▶ **Assignment**
The answer must be an exact copy of every entry, with no pictures in it.

----- Records supplied -----

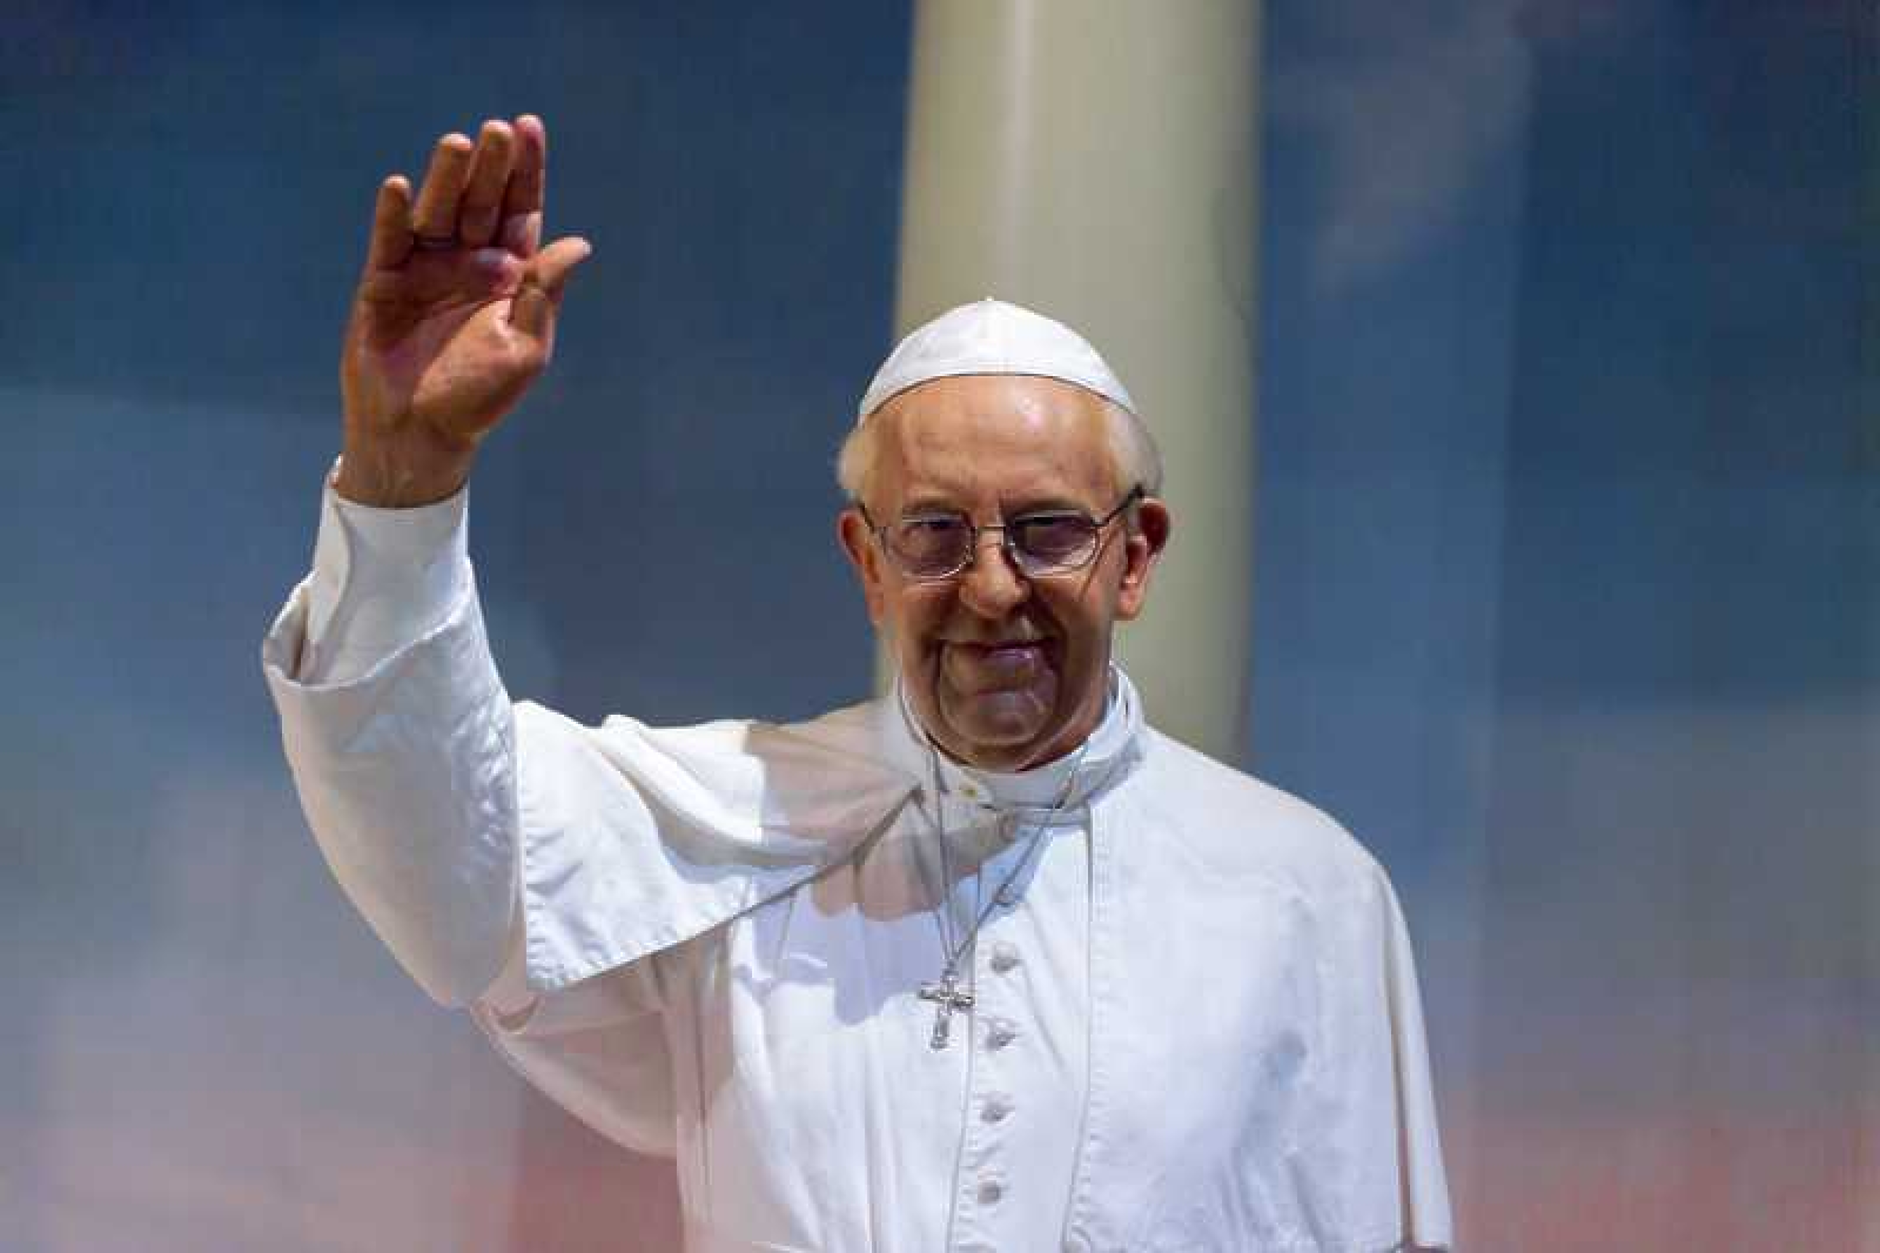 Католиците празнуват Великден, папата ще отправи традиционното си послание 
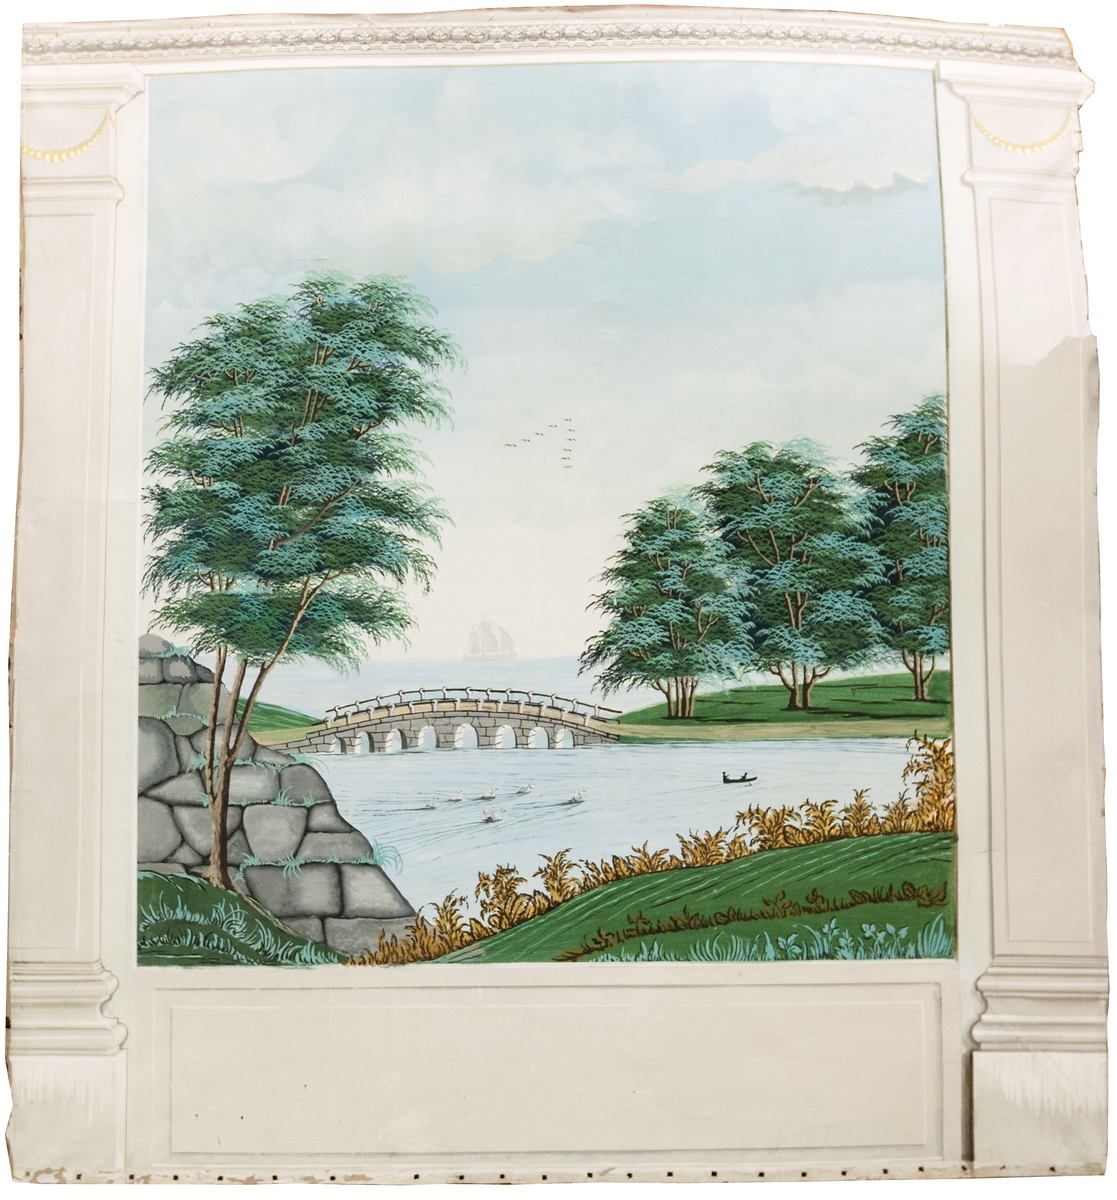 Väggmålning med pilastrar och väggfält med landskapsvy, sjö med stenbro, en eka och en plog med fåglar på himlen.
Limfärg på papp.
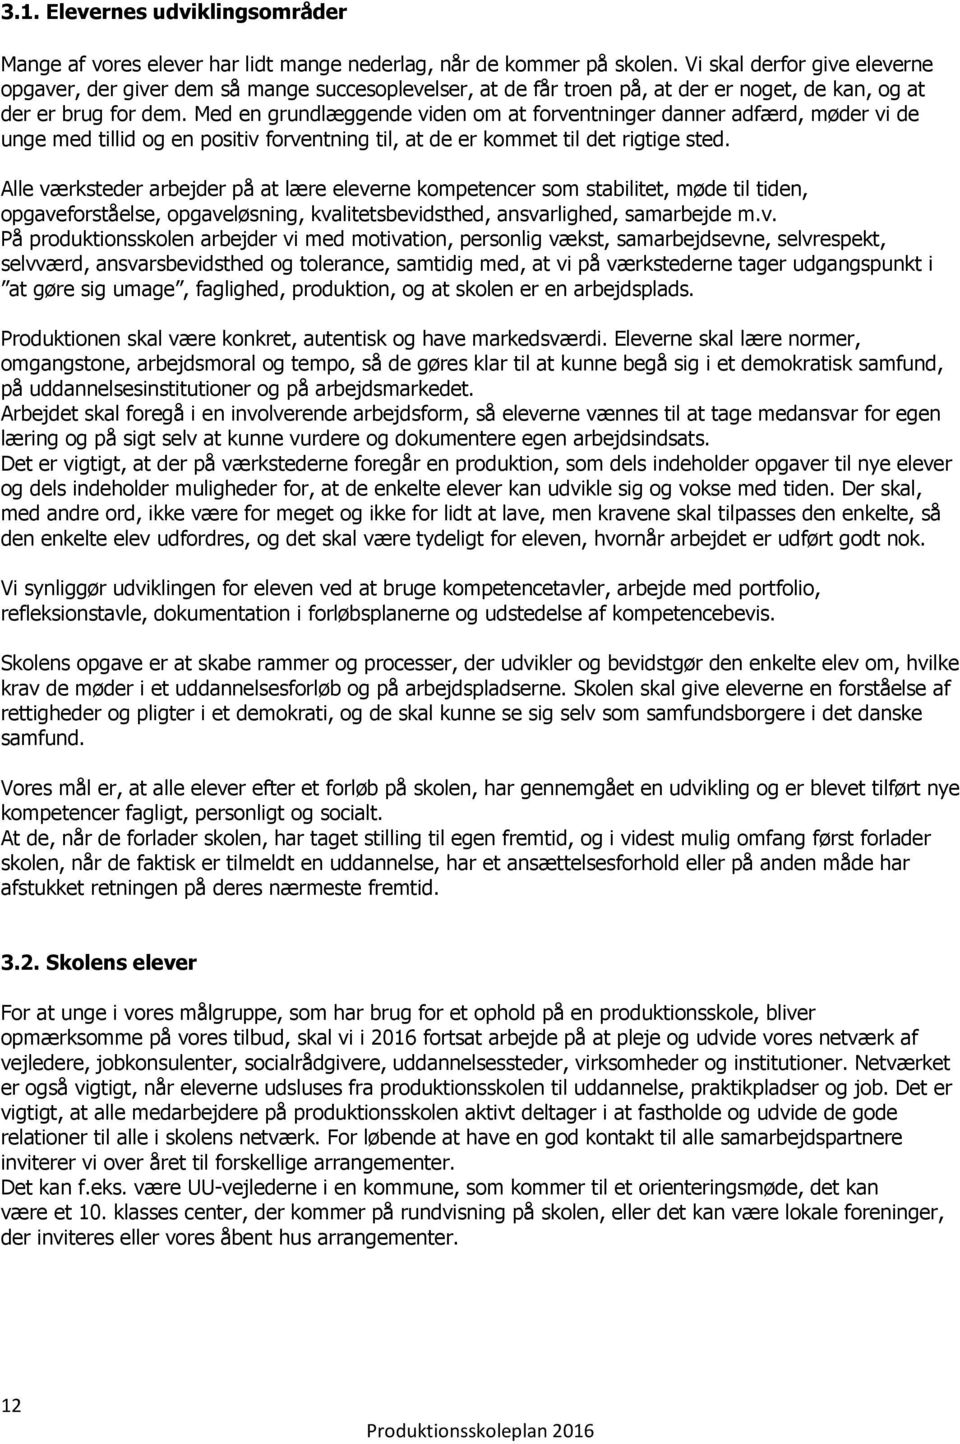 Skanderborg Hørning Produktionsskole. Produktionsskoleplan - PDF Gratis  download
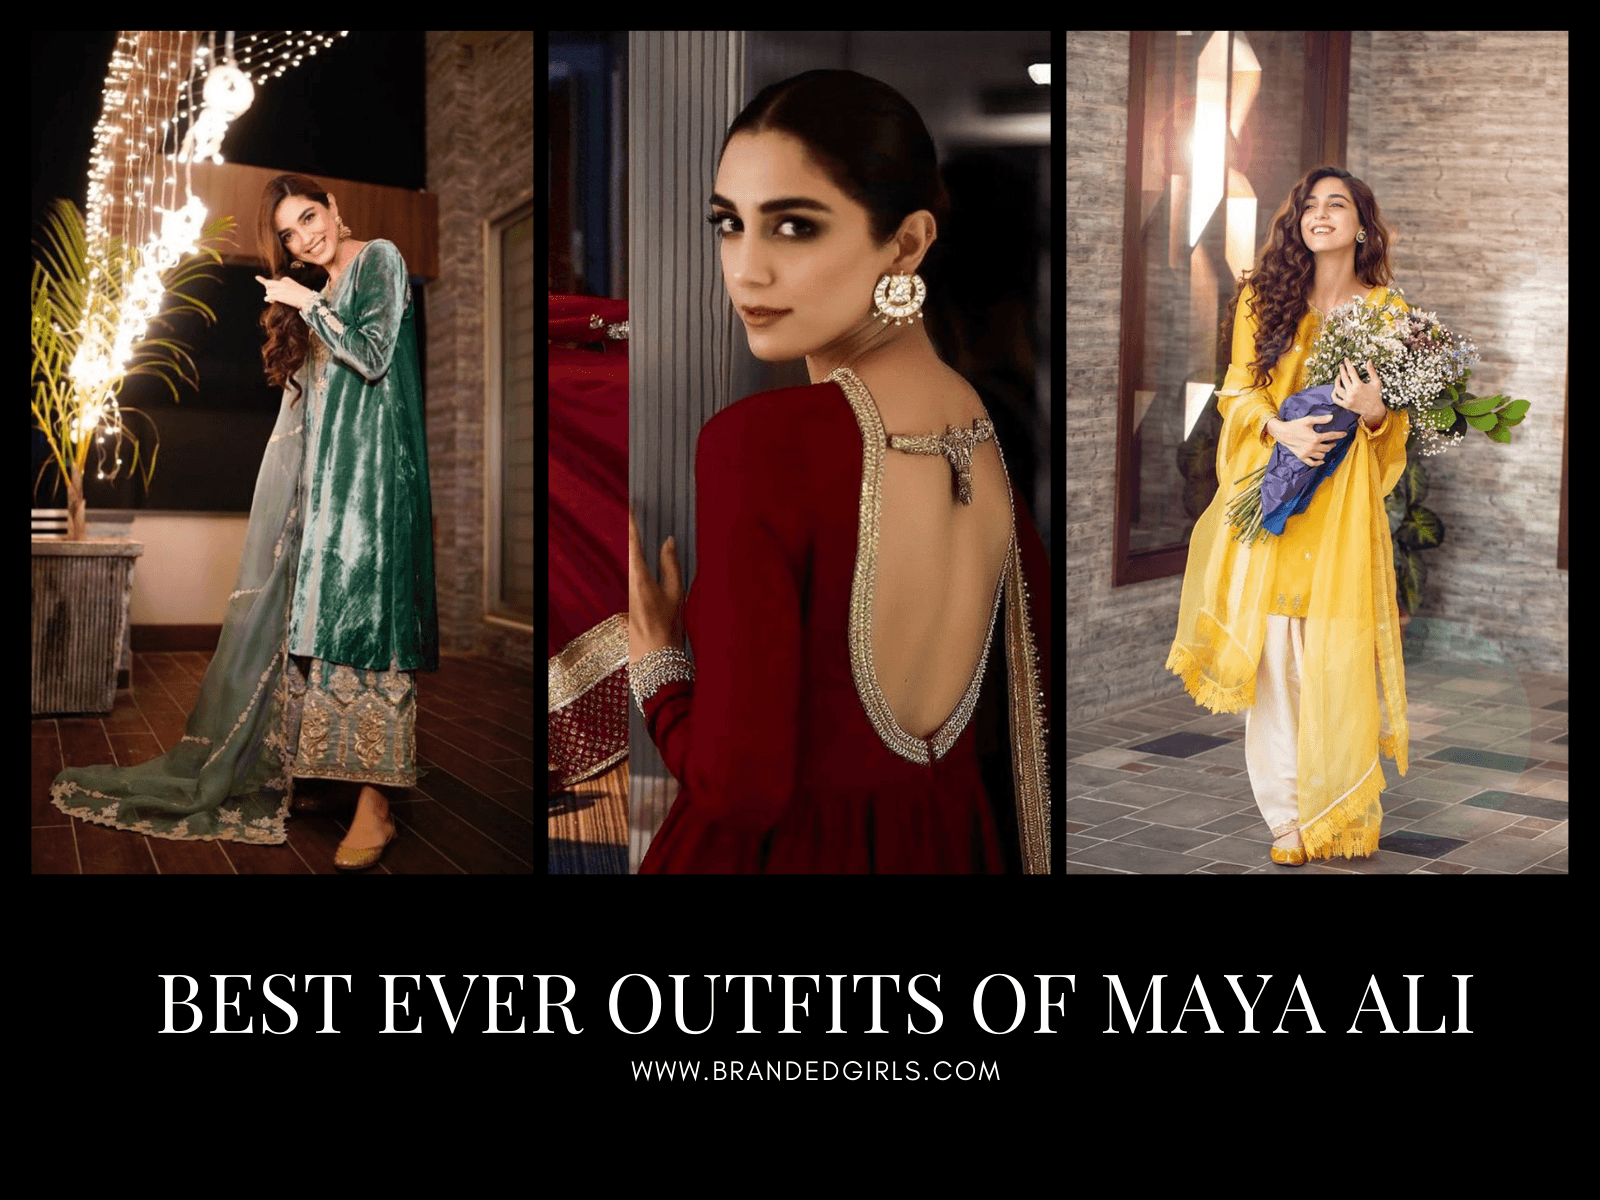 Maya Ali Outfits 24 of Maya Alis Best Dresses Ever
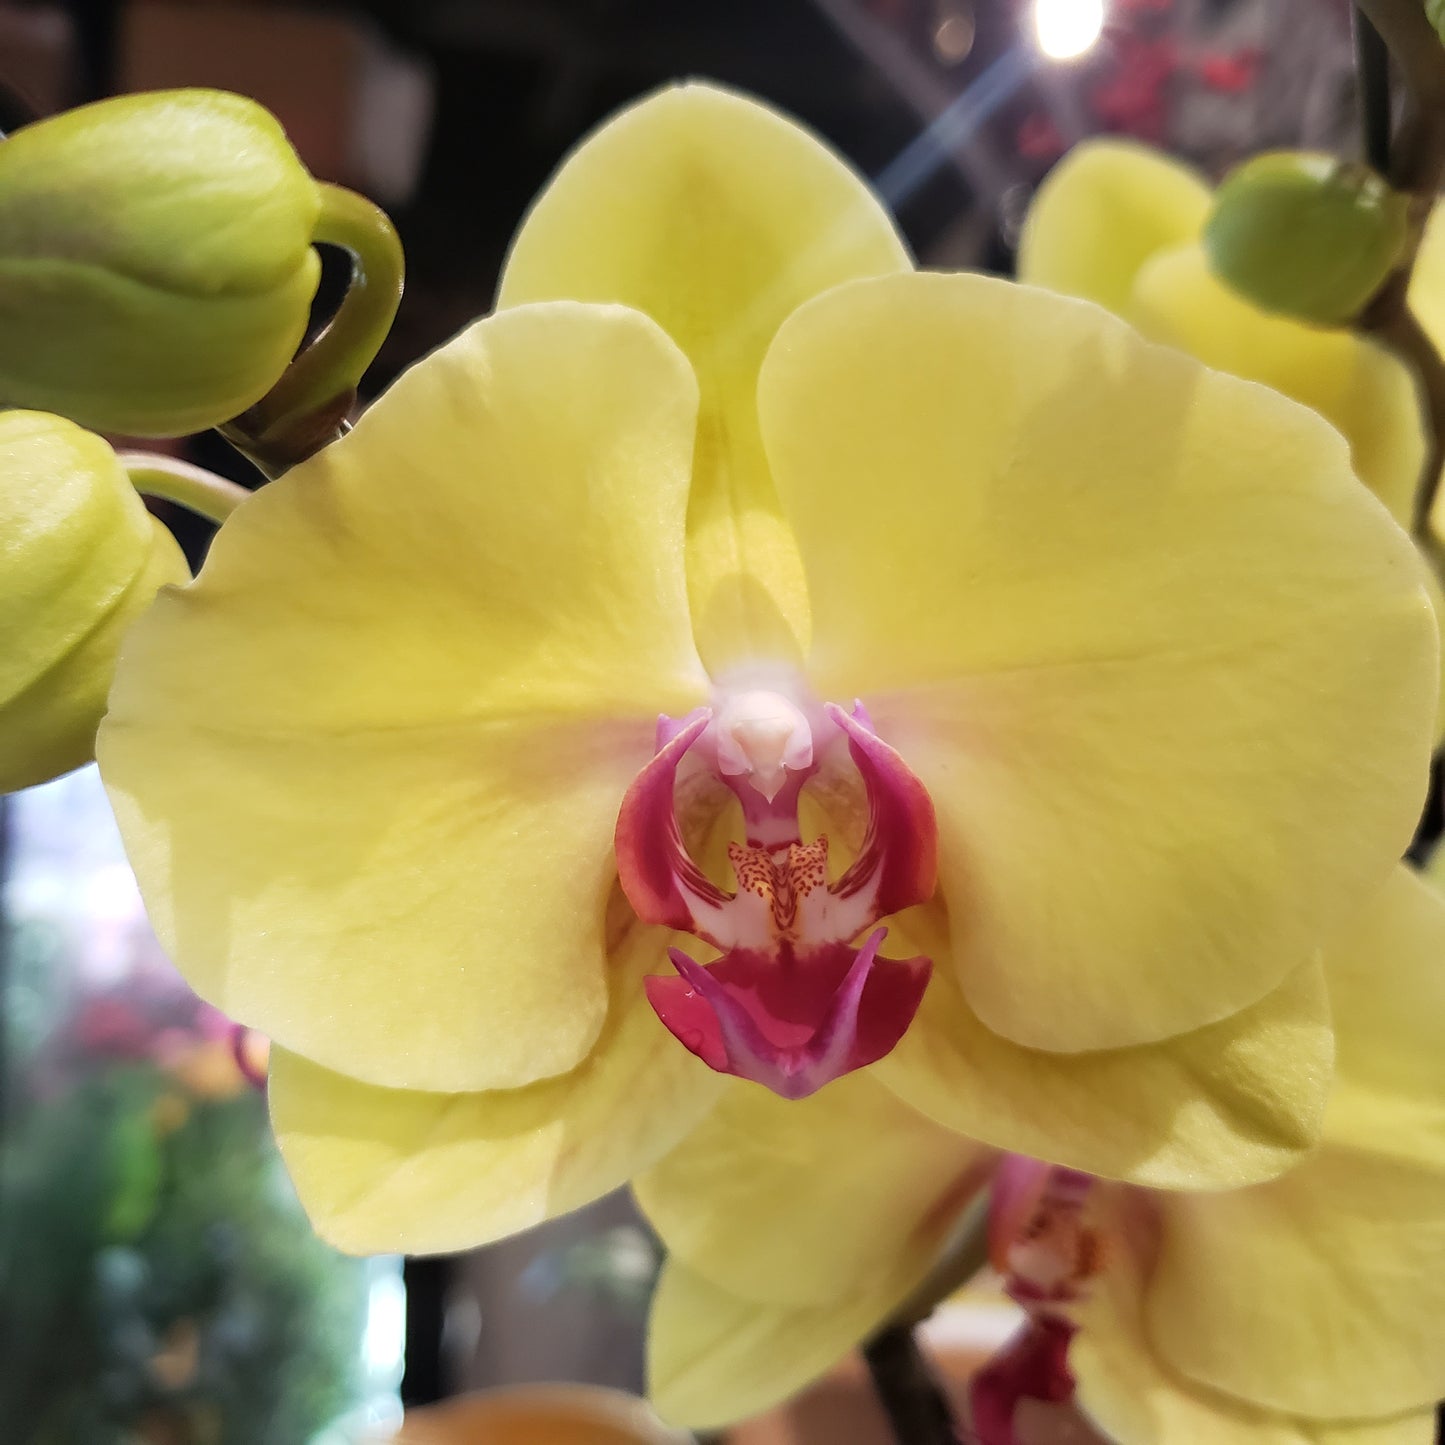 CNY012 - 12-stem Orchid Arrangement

-----

▶ **Solution for this problem**
 Католиците празнуват Великден, папата ще отправи традиционното си послание 
 Väggmålning med pilastrar och väggfält med landskapsvy, sjö med stenbro, en eka och en plog med fåglar på himlen.
Limfärg på papp.
 Skanderborg Hørning Produktionsskole. Produktionsskoleplan - PDF Gratis  download
 Maya Ali Outfits 24 of Maya Alis Best Dresses Ever
 CNY012 - 12-stem Orchid Arrangement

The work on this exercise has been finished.